I was also wondering how this apparent pro-psychoanalytic bias – with its implicit discrediting and delegitimising of humanistic/existential/person-centred counselling/psychotherapy (and their associated values, not least around language) – came about. Then I noticed the ERG was made up of 12 practitioners, 7 of whom were identified as psychoanalytic, whereas only 1 was clearly identified as humanistic (and even then, only as part of an ‘integrative’ model) (see pp.72-73 of the SCoPEd Methodology document). How can the framework produce an accurate picture of the field, when the ERG does not represent the diversity within it?

But the whole project is also skewed by other assumptions and value systems around therapy, which are perhaps even more important for the future of our professions. The Roth/Pilling UCL methodology used here was developed originally by manualised CBT proponents for the CBT competence framework, which was commissioned by the Department of Health as part of IAPT’s development. As this history suggests, breaking down the relational art of therapeutic work into lists of discrete ‘competences’ is not a neutral or objective activity (however ‘evidence-based’ it disingenuously claims to be); it is a technocratic pursuit that clearly derives from the NHS-appeasing assumption that therapy can be manualised into specific skills that, if applied in accordance with the manual, provide ‘effective’ ‘treatment’ for specific ‘disorders’. In other words, the project inevitably – via its very form – aligns therapy with an instrumental and medicalised healthcare model, again potentially delegitimising approaches that see therapy as, say, a meaning-making dialogical encounter or principled way of being.

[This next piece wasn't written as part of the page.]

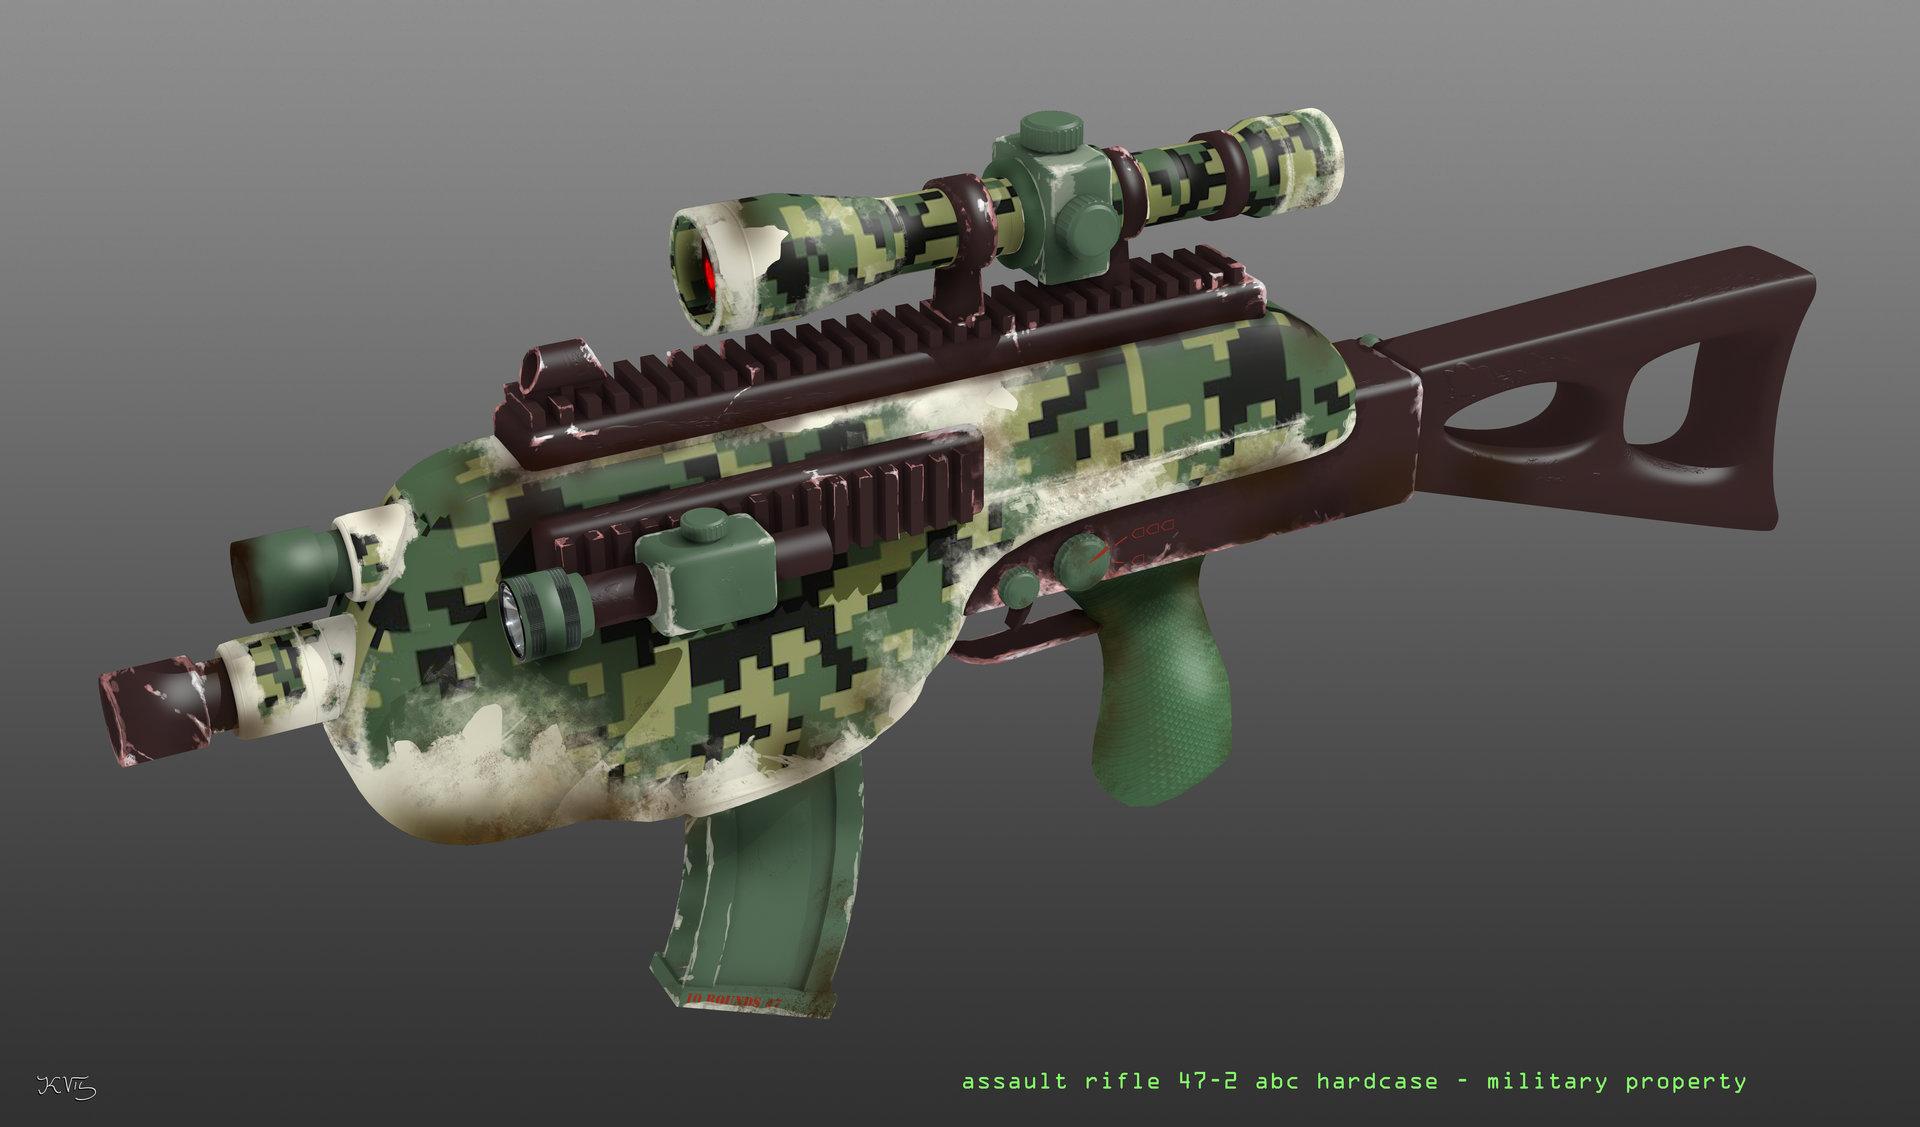 Konstantin vohwinkel hardcover plastic gun 3 web
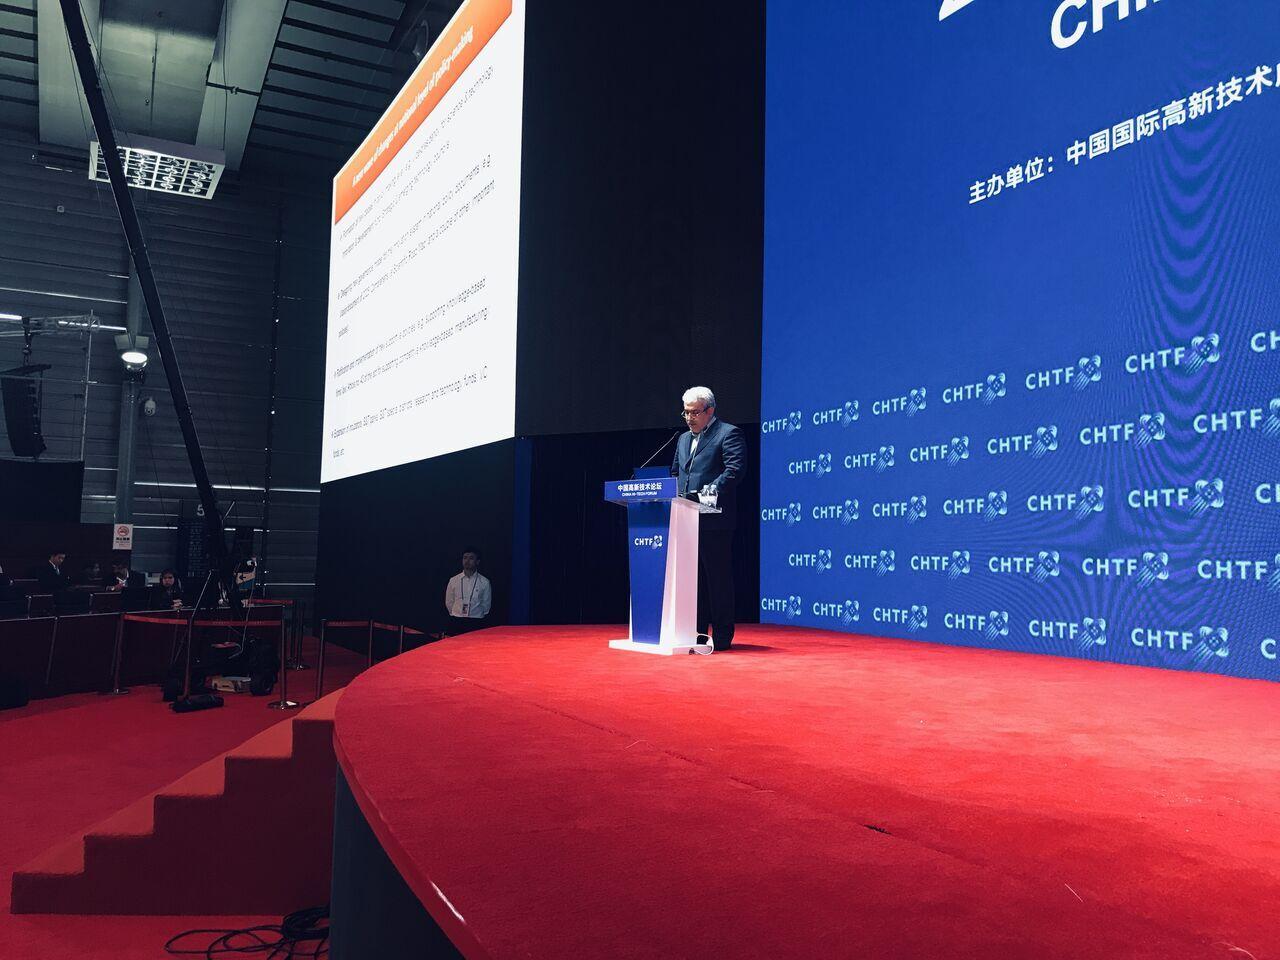 إيران مستعدة للتعاون العلمي و التقني مع جميع الدول

That none of these biases or agendas, and the political expediency from which they spring, are acknowledged in the framework, highlights its failure to take a therapeutically informed, self-reflective, critical thinking approach to its own motivations, intentions, guiding principles, methodology or articulation. Presumably none of this matters much if your goal is to air-brush the imperfect, fallible, human complexity of relational therapeutic work, in order to prepare for the distribution of power that statutory regulation would involve for the organisations that have composed this empty but highly potent document.